Fed underscores more rate hikes on the cards
One way to look at the Fed outlook from a market perspective is the CME Fedwatch, which captures probabilities of rate levels after each Fed meet over next 1 year.
Fed Meet |
350-375 |
375-400 |
400-425 |
425-450 |
450- |
475-500 |
500- |
525-550 |
550-575 |
575-600 |
Jul-23 | Nil | Nil | Nil | Nil | Nil | Nil | 11.3% | 88.7% | Nil | Nil |
Sep-23 | Nil | Nil | Nil | Nil | Nil | Nil | 9.1% | 73.2% | 17.7% | Nil |
Nov-23 | Nil | Nil | Nil | Nil | Nil | Nil | 6.9% | 57.8% | 31.1% | 4.3% |
Dec-23 | Nil | Nil | Nil | Nil | Nil | 0.9% | 13.6% | 54.3% | 27.5% | 3.7% |
Jan-24 | Nil | Nil | Nil | Nil | 0.3% | 4.6% | 25.3% | 46.6% | 20.6% | 2.6% |
Mar-24 | Nil | Nil | Nil | 0.1% | 2.4% | 13.6% | 33.5% | 35.1% | 13.6% | 1.7% |
May-24 | Nil | Nil | 0.1% | 1.8% | 11.0% | 28.8% | 34.7% | 18.7% | 4.5% | 0.4% |
Jun-24 | Nil | Nil | 0.8% | 5.4% | 18.3% | 3.6% | 28.3% | 12.7% | 2.7% | 0.2% |
Jul-24 | Nil | 0.6% | 4.2% | 14.5% | 27.4% | 29.0% | 17.4% | 5.8% | 1.0% | 0.1% |
Data source: CME Fedwatch
While the Fed statement gives the regulatory and policy perspective, the CME Fedwatch gives the market view. There has been an interesting shift in the last couple of months. Around April and May 2023, the market view had strongly diverged from the Fed. Even as the Fed had been insisting on no rate cuts in 2023, the markets had actually factored in 100 bps rate cut in 2023 and up to 200 bps rate cut by mid-2024. In the last couple of months, the markets have veered sharply towards the Fed point of view.

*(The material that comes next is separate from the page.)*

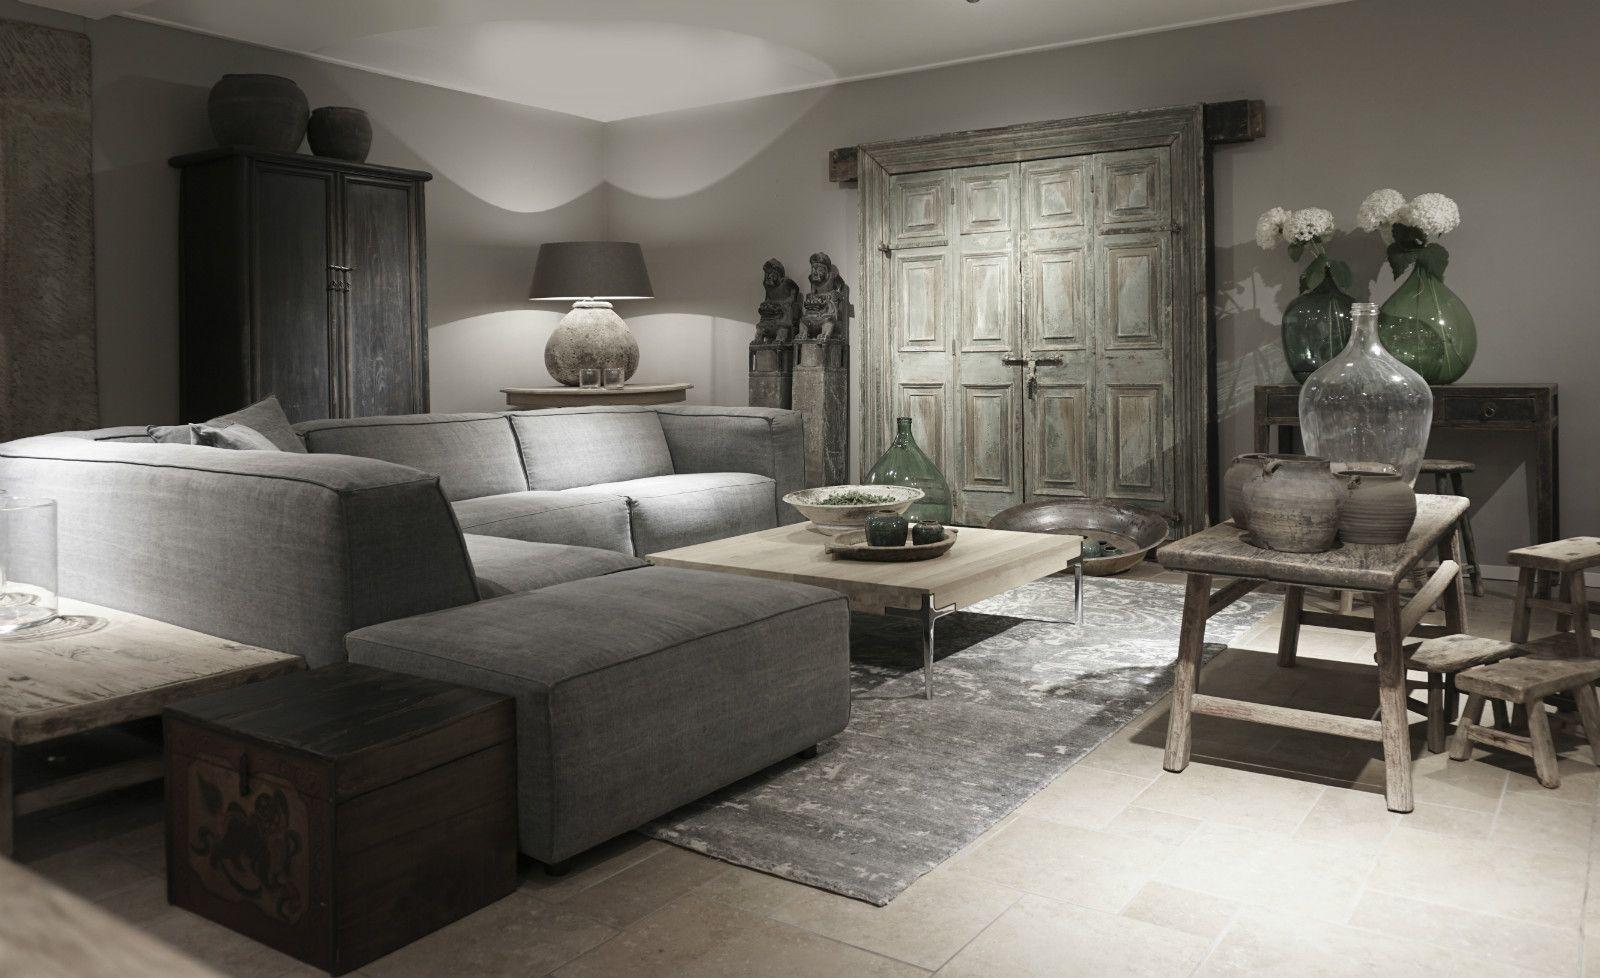 Bank Fatboy Zitmeubelen Collectie Looiershuis Home Deco Thuis Ideeen Voor Thuisdecoratie

The Federal Reserve takes its communication quite seriously and normally sticks to its word since it is committed to managing inflation expectations. The markets are now mirroring the Fed point of view now. In fact, in the last 2 months, the Fed probabilities have shifted right towards greater hawkishness in the markets too. In fact, now 2 more rate hikes are almost axiomatic and a third rate hike is also looking likely, taking the rates to a possible terminal level of 5.75% to 6.00% by the end of calendar year 2023.
What the minutes explained about the Fed statement
The minutes of the FOMC are largely an explanation of the stance of the committee and how the view was arrived at. Hence the views are a lot richer in content. Here is what we read from the minutes of the June FOMC meeting.
The labour market has been showing signs of loosening, but the unemployment rate is still pretty close to full employment in the US economy.
How should the RBI read the minutes of the FOMC?
The RBI had announced a pause in rates in April 2023, when the Fed had stayed hawkish. The RBI has repeated that action in June also. Back in April 2023, the RBI decision did look like a big risk as it could have resulted in monetary divergence. In retrospect, the decision was corrected. On the one hand, it placated the industry bodies, but also allowed the cumulative effect of the rate hikes over the last one year to gradually sink into inflation.
RBI can take solace from the fact that the inflation target of 4% in India is now just about 25 bps away. On the other hand, the US consumer inflation still has to traverse another 200 bps to get to its target of 2% inflation. However, RBI cannot entirely ignore the hawkish tone of the Fed as it has larger implications for currency value and portfolio flows. At a time when India has got $11 billion into equities from FPIs in May and June, it would be keen to ensure that this momentum is not lost. That is likely to be disrupted if the rate divergence increases. That is something the RBI would have to be cautious about.